各シークエンスは基本的に3、3、3・・・の安定した閉域で構造化されているが、ある構造に−1か、+1されると、動きだして次の構造に連鎖するのかもしれない。例えば、物盗りと女と侍が3で、侍が刺し殺されて2になったりとか、あるいは藪の陰から実はきこりが見ていて4になったりとか。きこりと旅法師と下衆の男が3で、赤ん坊が闖入すると下衆が退場したりとか。こうやって囲い込むことで、逆に、謎が深まっていき、終わりのなさや解決の永久的な不在を予感させるのかもしれない。完全な方程式で明確な解を出したのに、間違っていると言われている感じだろうか。しかも、『マリエンバート』のようにほとんど時間が静止してしまい、物語形式が全面的に不在と化してしまうことなく、しっかりストーリーが動いていく!


特に感銘を受けたシーン。




『マリエンバート』は美術館をホテルに見立てまさに迷宮を作り出していたが、冒頭のグロテスクなバロック調の天井の長大なショットには、凄いな、と感心したものだが、これは『羅生門』の森の深みから太陽の方を仰ぎ見る、逆光ショットの禍々しさには及ばずか。

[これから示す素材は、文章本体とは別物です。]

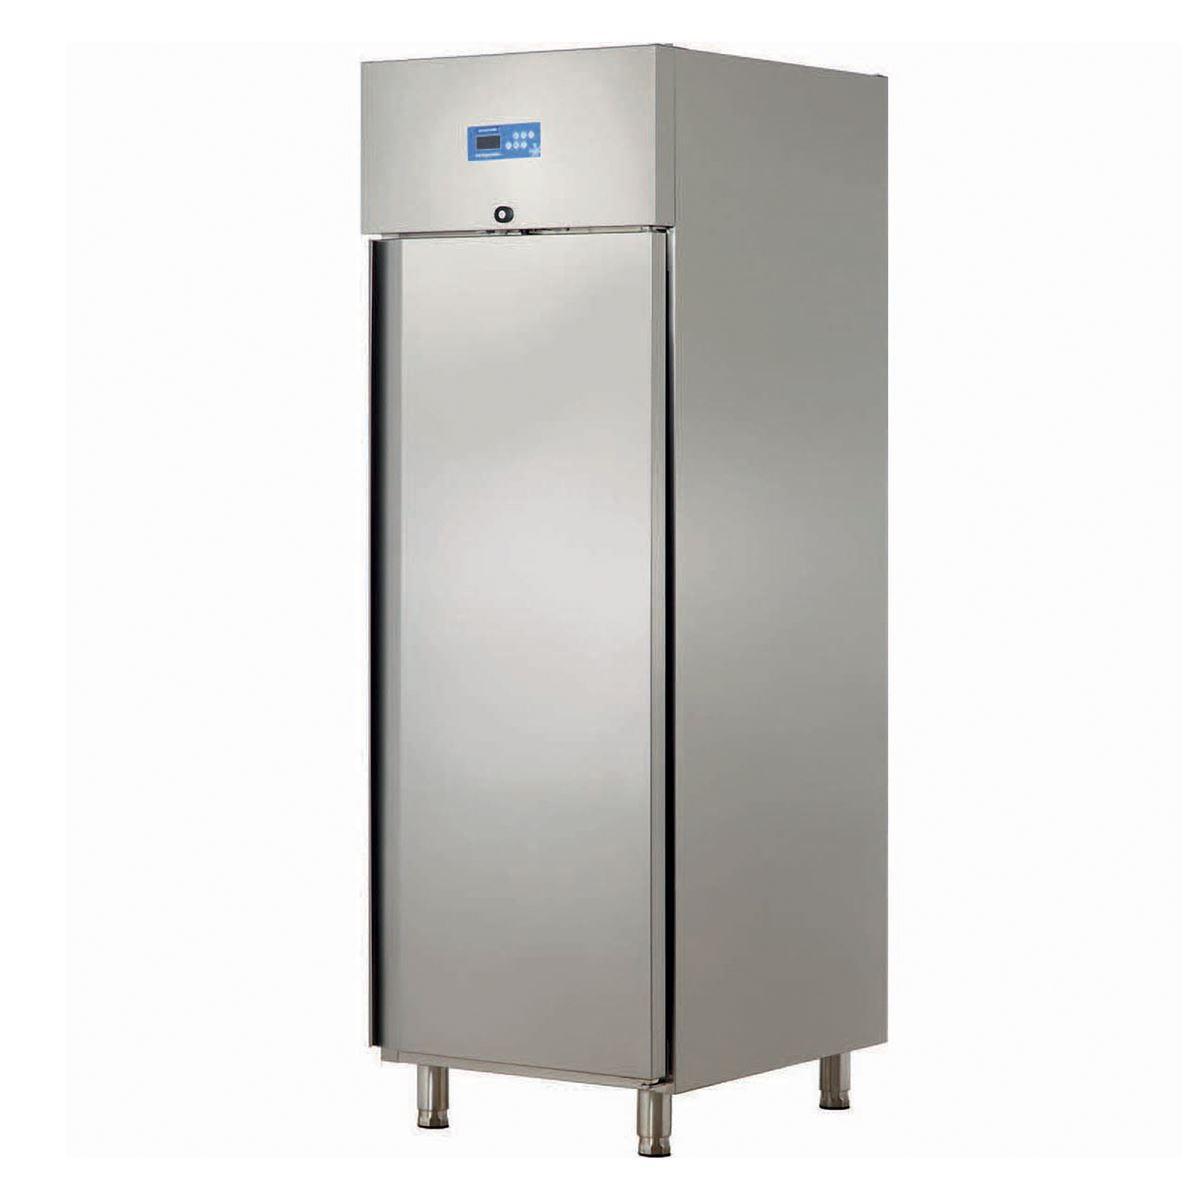 Шкаф морозильный OZTI GN 600.00 LMV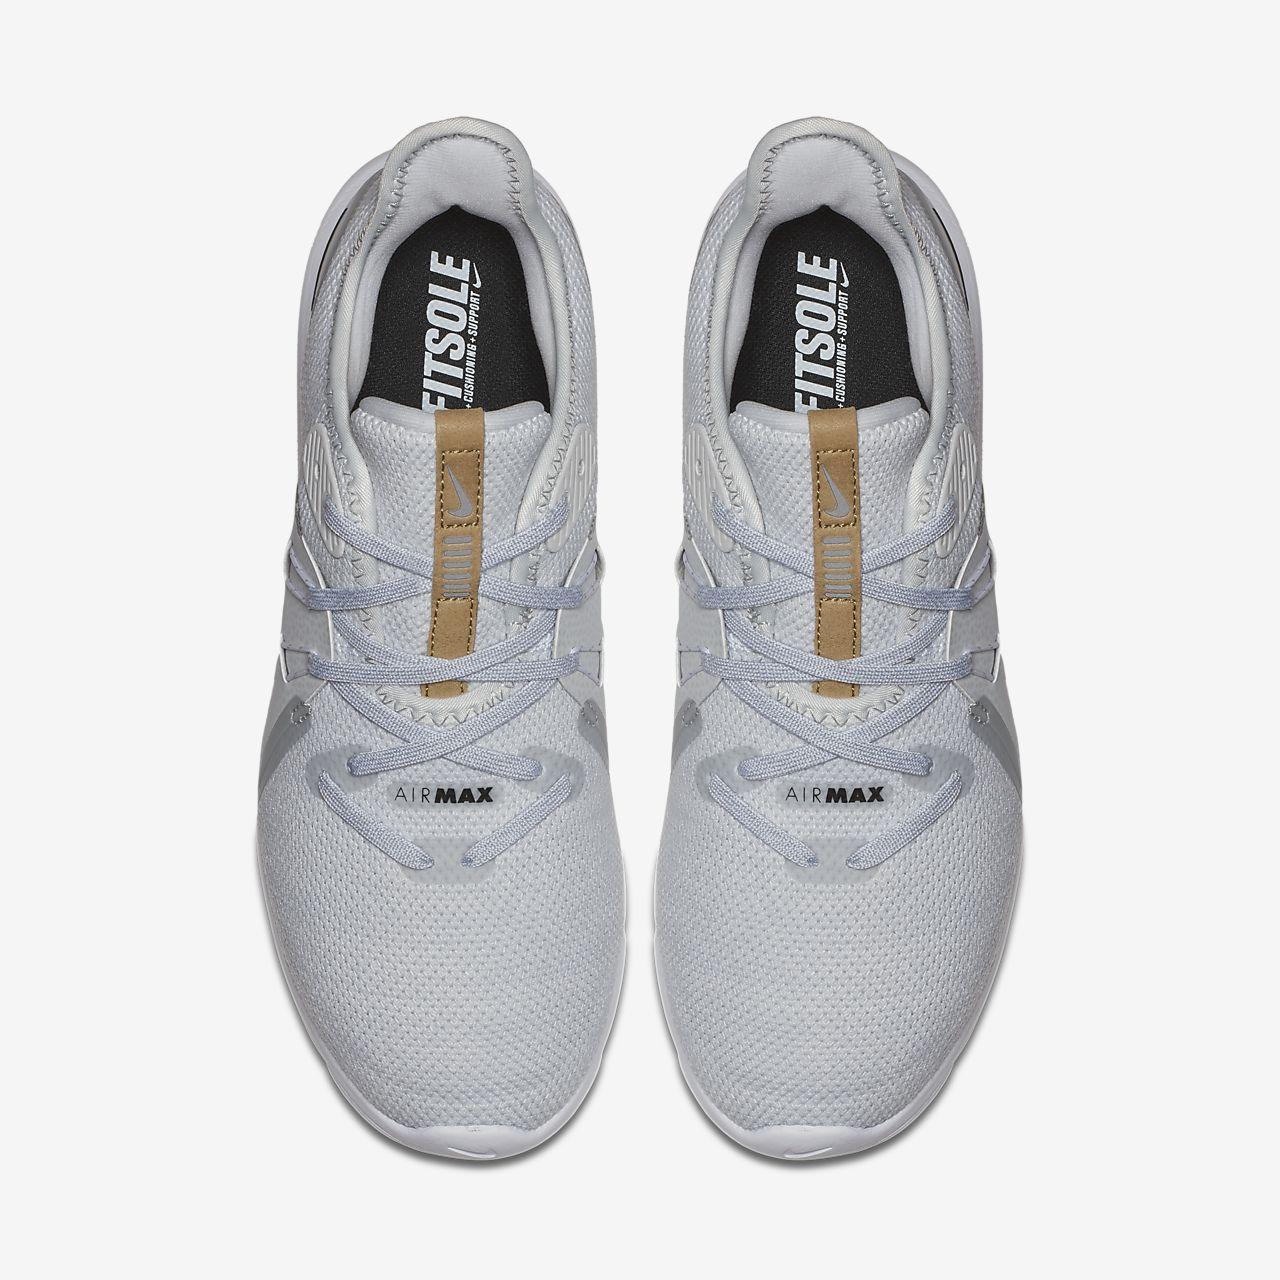 best sneakers 5af87 2d5fa ... Sko Nike Air Max Sequent 3 för kvinnor

「静かだ。どこかで誰かが泣く声が聞こえる。」と侍がうそぶくと、侍の視点で森の繁みから空に向かってカメラが伸びていき、空に届いたところで反転して、地を這いながら、侍の顔にまで伸びて来ると、侍が泣いている。侍は既に死んでおり、自分が死んで涙を流していることに気づいていないということか。怨霊化する合図かもしれない。


京マチ子さん。

欲情と怨念とか弱さを見事に同居させてた。